Within the past week, Biden has said things susceptible to misinterpretation by stressed, trigger-happy adversaries. In the present environment, watching your tongue matters. Wrong words could trigger an unexpected reaction, widening the conflict in Europe. 

Biden is literally a loose cannon – someone needs to control his mouth. Get the index card right, keep him on it, stop letting him wander into a zone that invites misinterpretation and retaliation. This is not funny, not political, and not something to get on later. His handlers need to get on it now.

Last Friday, March 25, Biden was in Poland. Poland is a NATO member, one of our tightest, best, God-love-them allies. While there, Biden made various statements. 

In one, speaking to the 82nd Airborne, referring to Ukraine – Biden said: “You’re going to see when you’re there – some of you have been there – you’re going to see women, young people, standing in the middle, in front of a damn tank, saying ‘I’m not leaving.” See, e.g., Biden tells US troops they’ll be in Ukraine in war gaffe;

This is reckless, seven ways from Sunday. Ukraine is not a NATO member, so if we – or any NATO country – interceded with offensive weapons or troop deployments, that tells Russia, we are stepping over the line, are in the game, in the fight, come at us.

If your goal is de-escalation, bad strategy. Implying you are thinking about it, expecting it, might do it – especially talking to the 82nd Airborne – is a bad plan. Putin saw that, guaranteed.
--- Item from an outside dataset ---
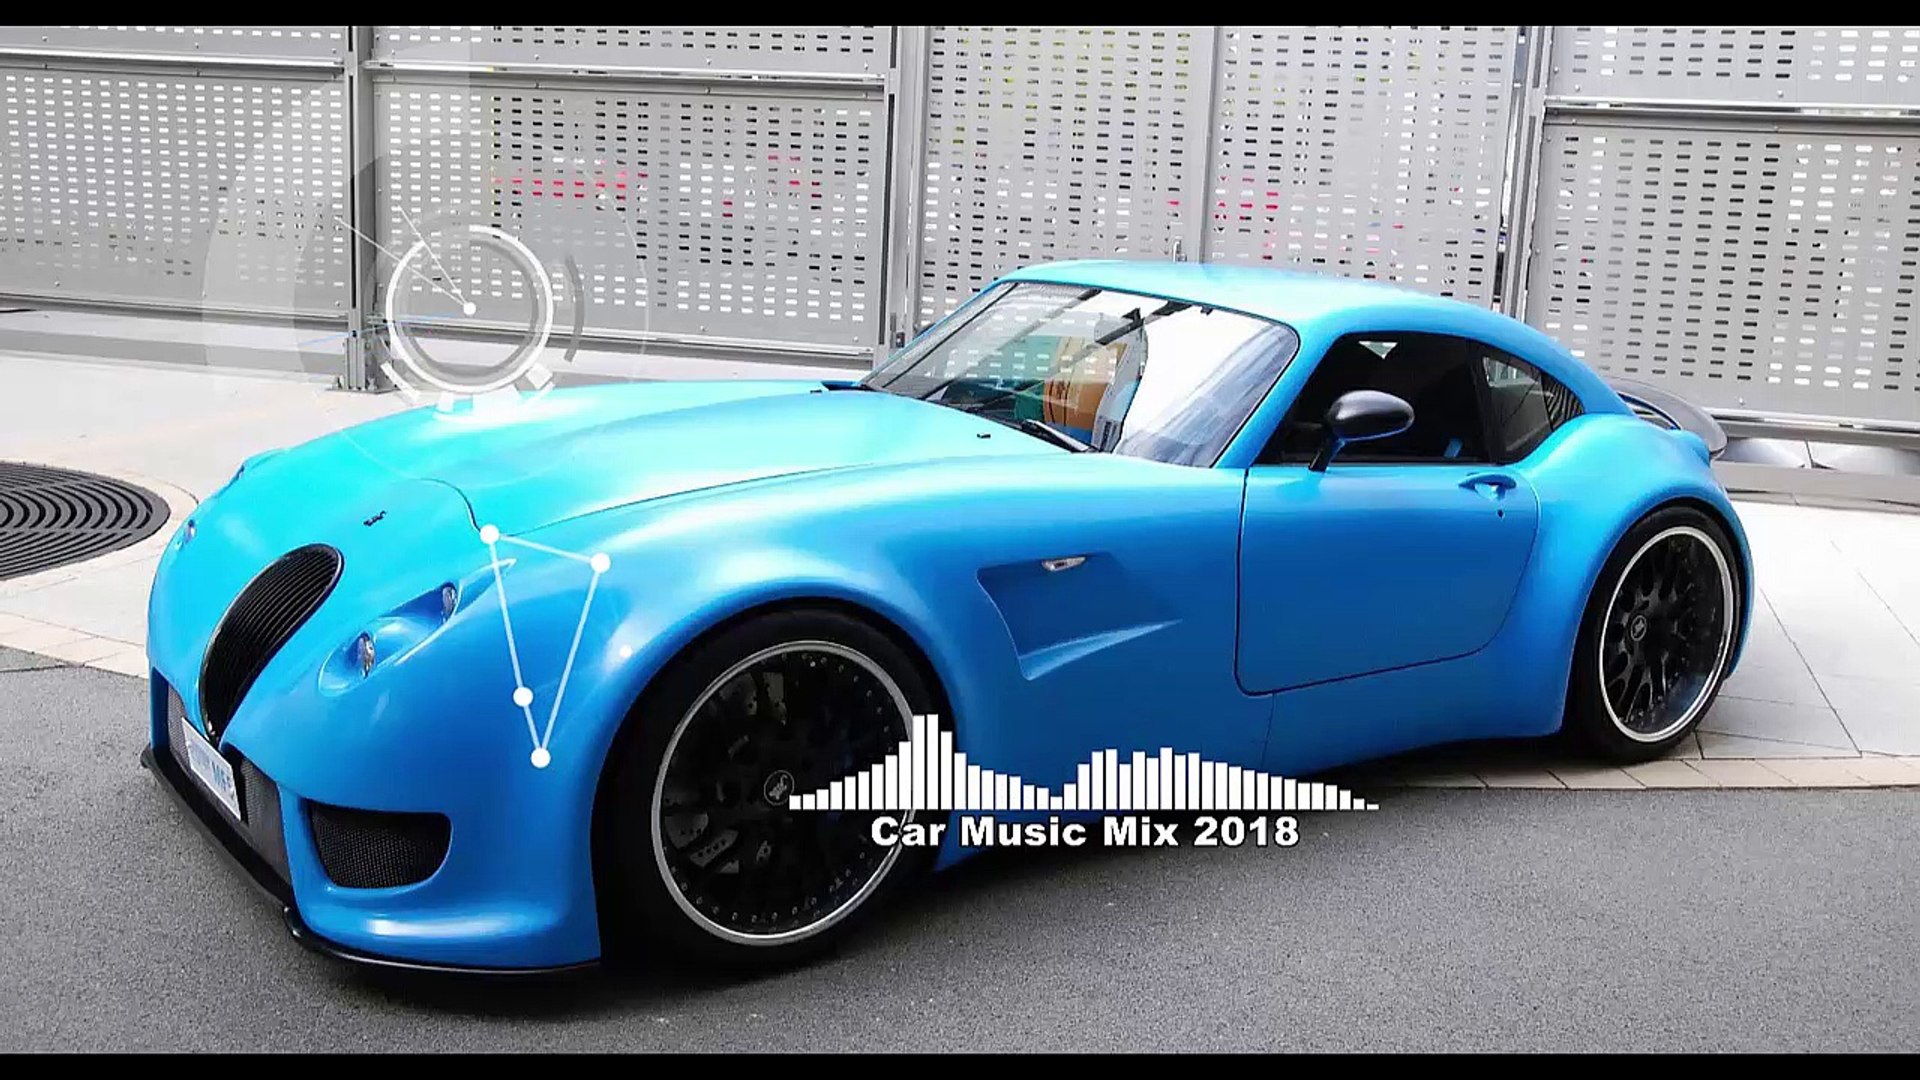 Car Music Mix 2018 New Electro House Boosted Songs Best Remixes of Popular Songs - Video Dailymotion

He either thinks Biden is thinking about that, or Biden is not entirely with it, sloppy thinker. 

Let’s hope the latter, not without risks, but better than thinking Biden is blabbing a classified plan he forgot not to talk about.

The statement is reckless also because, while he was likely thinking of training regimes deployed in past years, it sounds like we may have been recently in the country. That, too, is a bad message, provocative.

Then, like a school kid trying to impress the yard with mastery of cursing, Biden says the 82nd will – when there, which they are not supposed to be – see a Ukrainian “standing in front of a damn tank, saying ‘I’m not leaving.’” 

If anything signals Biden’s tendency to mix messages, pull from the distant past, cross the dotted line, that statement is it. Ukrainians are confronting infantry and tanks, but the reference is really to “tank man,” a Chinese dissident who stood down a Chinese tank on June 5, 1989, in Tiananmen Square. 

In any event, the statement was over-the-top, unnecessarily provocative, and, let us hope, just sloppy. The White House scrambled, trying to imagine away, reinterpret, correct, and bury the folly.

Next, on Saturday, Biden boldly declared – like FDR talking to Hitler in December 1941 or GWB talking about Saddam Hussain in 2003 – “Putin cannot remain in power.” See, e.g., Why Biden’s off-script remarks about Putin are so dangerous; France’s Macron warns against escalation after Biden says Putin ‘cannot remain in power’; Biden calls for Putin’s removal: ‘For God’s sake, this man cannot remain in power’.

Wow, okay, that comes with some Biden-splaining. Is that because, unbeknownst to the world, we have a secret plan to oust him? Not likely. See, e.g., Ukrainian official says Russia is trying to split country in 2; Blinken walks back Biden regime remark: Live Ukraine updates.

Is that because Russians are throwing him out? No, don’t see that yet, not in the near term. Is that because Biden is king of the world and can make that happen? No, wrong again.

So, why say such a foolish thing, especially in a tone and with the conviction that you can make some alternate future happen? Was that necessary? Constructive? Likely to be received with a yawn? Not likely.

So, with a dozen other examples in the past month, here is the point. “Loose lips sink ships,” and in the world of bobbled, hobbling mid-war diplomacy, Biden’s loose, strange, unconsidered words can and may create a series of “circus mirror” reactions, intentional or accidental misinterpretations of what is said. 

What we do not need is sloppy thinking, slopping words, or a sloppy – verbally unanchored – voice at the head of NATO, or in the role of Commander in Chief. Biden may not like it, may not want to be anything other than a hail-fellow-well-met, but he is the US President during a crisis, on the cusp of an expanded major war.  

In short, Biden needs to get his act together, or those around him need to get the act together, stop these potentially significant verbal lapses. Our adversaries may think he is slipping, already slipped; that is bad enough. But if they resolve he means these things, it gets worse fast. 

With the highest possible respect for the office, this president needs to tighten his grip on the English language, improve his verbal performance. Right now, his words – loose lips – are dangerous.